I hope you like metal music. Or blues. Or classic rock.

All of the above. Seeing humpbacks isn’t my thing. But I will go island hopping. I’ll contact you and Rich and Joe when it’s sure that I can make the trip.

25. Mung:
One of these days I might set up a meeting with Joe F. We could probably enjoy a good scotch together. He and Tom could compare notes and discover that I am dumber than either one thought.

They’re both pretty sharp, but don’t put yourself down. I think you’re the smartest theist posting here and at UD.

26. VJTorley:

Thanks for responding to my inquiry. I interpret your response as being that you too do not see a high level of ASC as a particularly good indicator of Design.
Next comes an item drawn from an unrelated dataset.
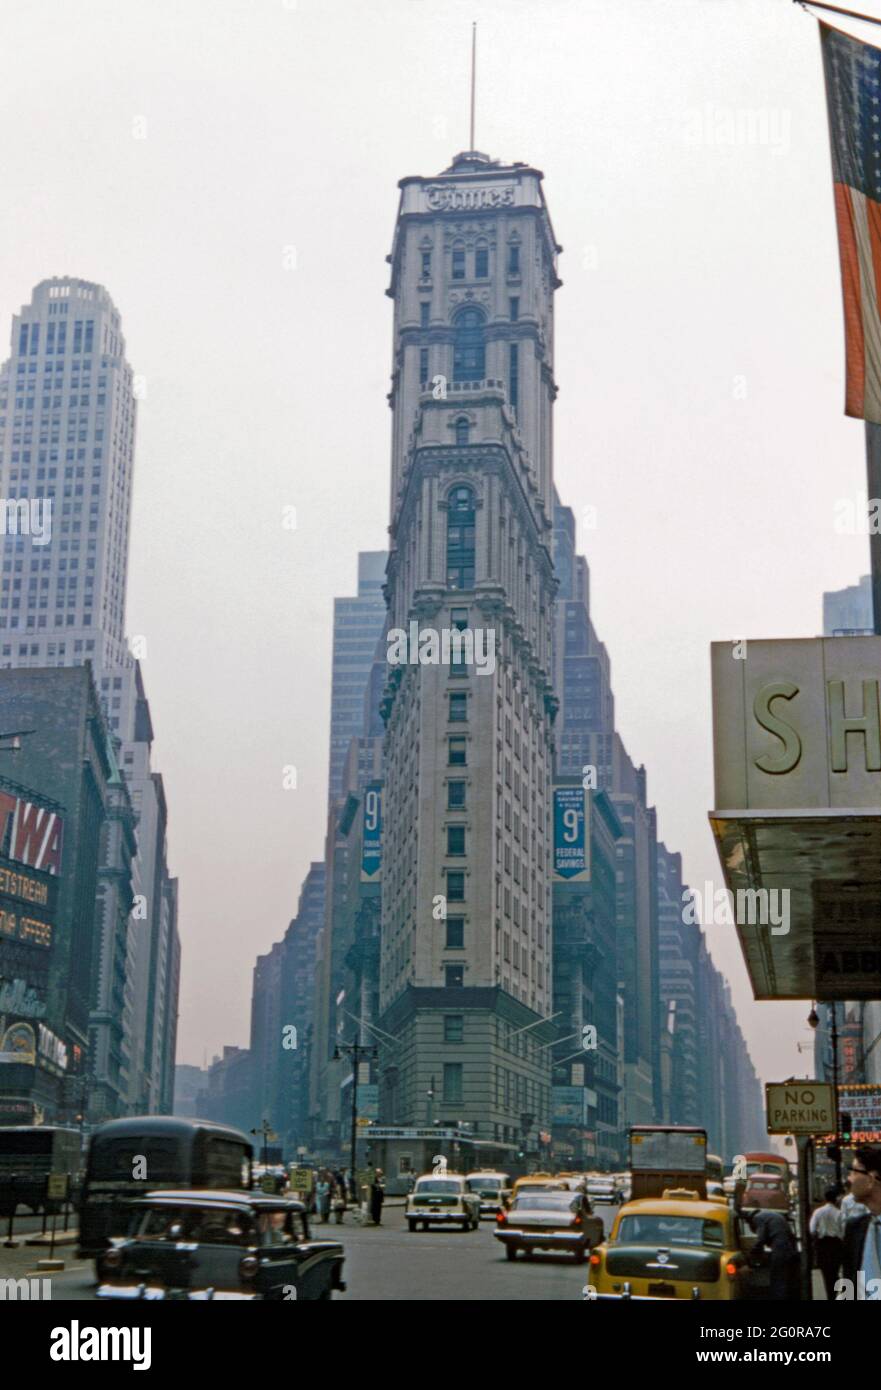 L'edificio del New York Times a Times Square, New York City, USA nel 1957. Times Square è un importante incrocio commerciale, una destinazione turistica, un'area di intrattenimento nel centro di Manhattan, parte di New York, all'incrocio tra Broadway e Seventh Avenue ed è talvolta chiamata ‘The Crossroads of the World’. Nel 1904 il New York Times trasferì qui le operazioni del giornale su un nuovo grattacielo. Ora fortemente ristrutturato e coperto in neon pubblicità è ora chiamato One Times Square. Questa immagine proviene da una vecchia trasparenza dei colori presa da un fotografo dilettante – una fotografia d'epoca degli anni '50. Foto Stock

Fundamentally the Specified Complexity argument is that we see a level of adaptation so high that we can show that this could not have been achieved by natural evolutionary forces. (I think that the details of their reasons why are not persuasive, but anyway that’s what they are attempting to prove).
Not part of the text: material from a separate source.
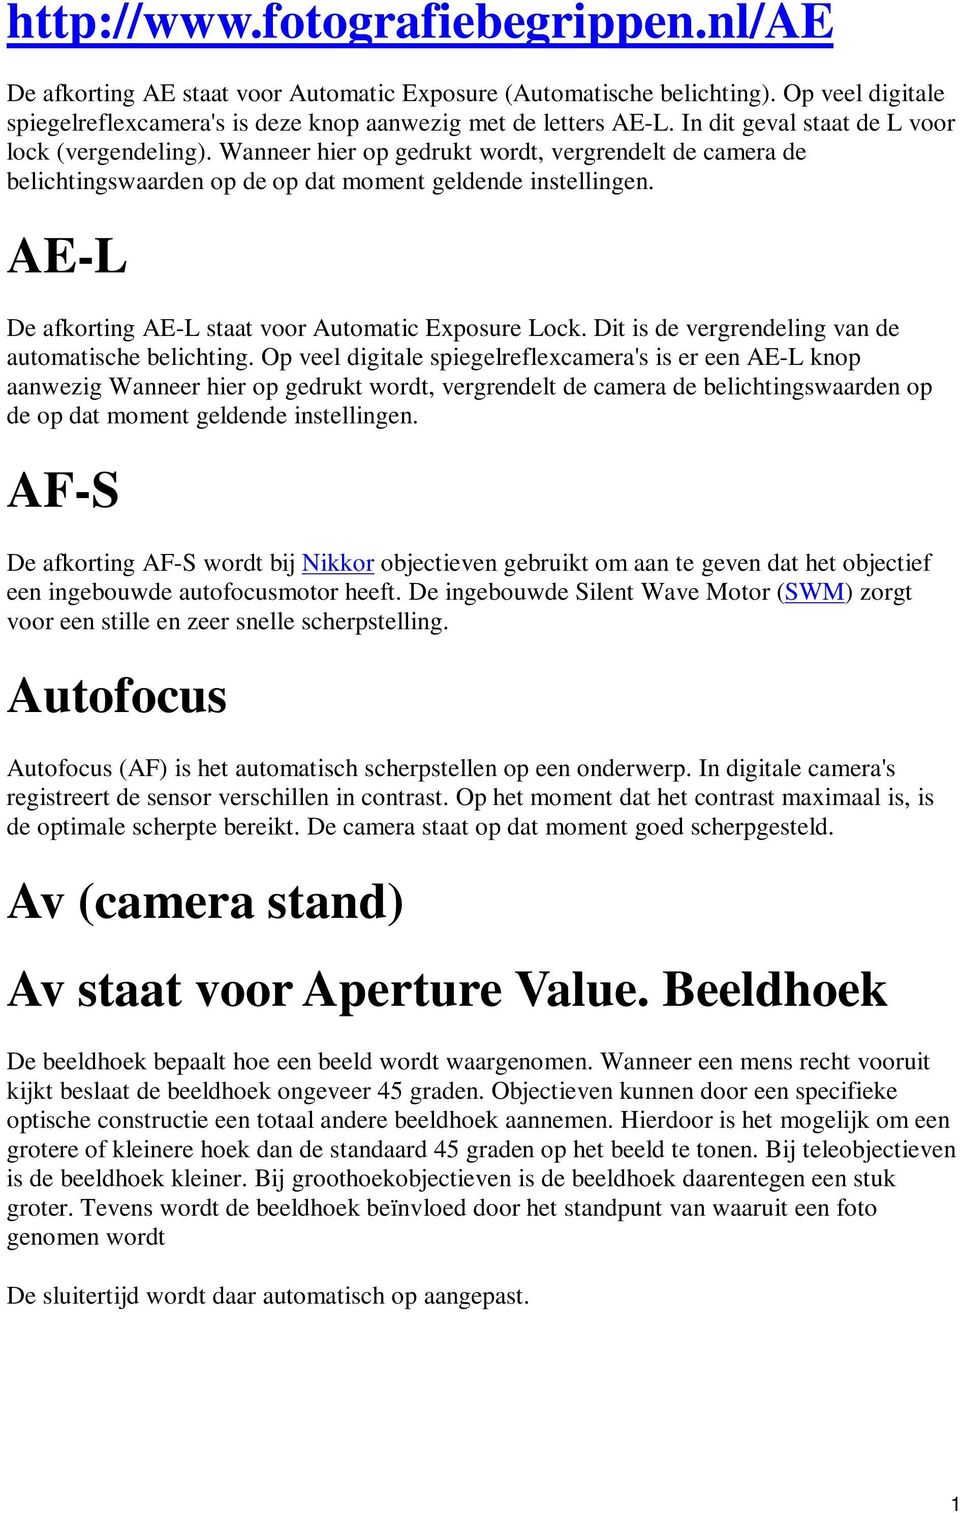 AE-L De afkorting AE-L staat voor Automatic Exposure Lock. Dit is de vergrendeling van de automatische belichting.

Your response, I think, agrees with me that there is no persuasive way to have ASC connect somehow with the level of adaptation.

27. VJ also believes in evolution.

I think he does not think that evolution is explained by normal evolutionary mechanisms, however much he may believe that evolution has occurred and that there is common descent of organisms. So it is worth asking whether he thinks that the ASC variant of the SC argument is relevant.

Just as asking you the same thing would be relevant.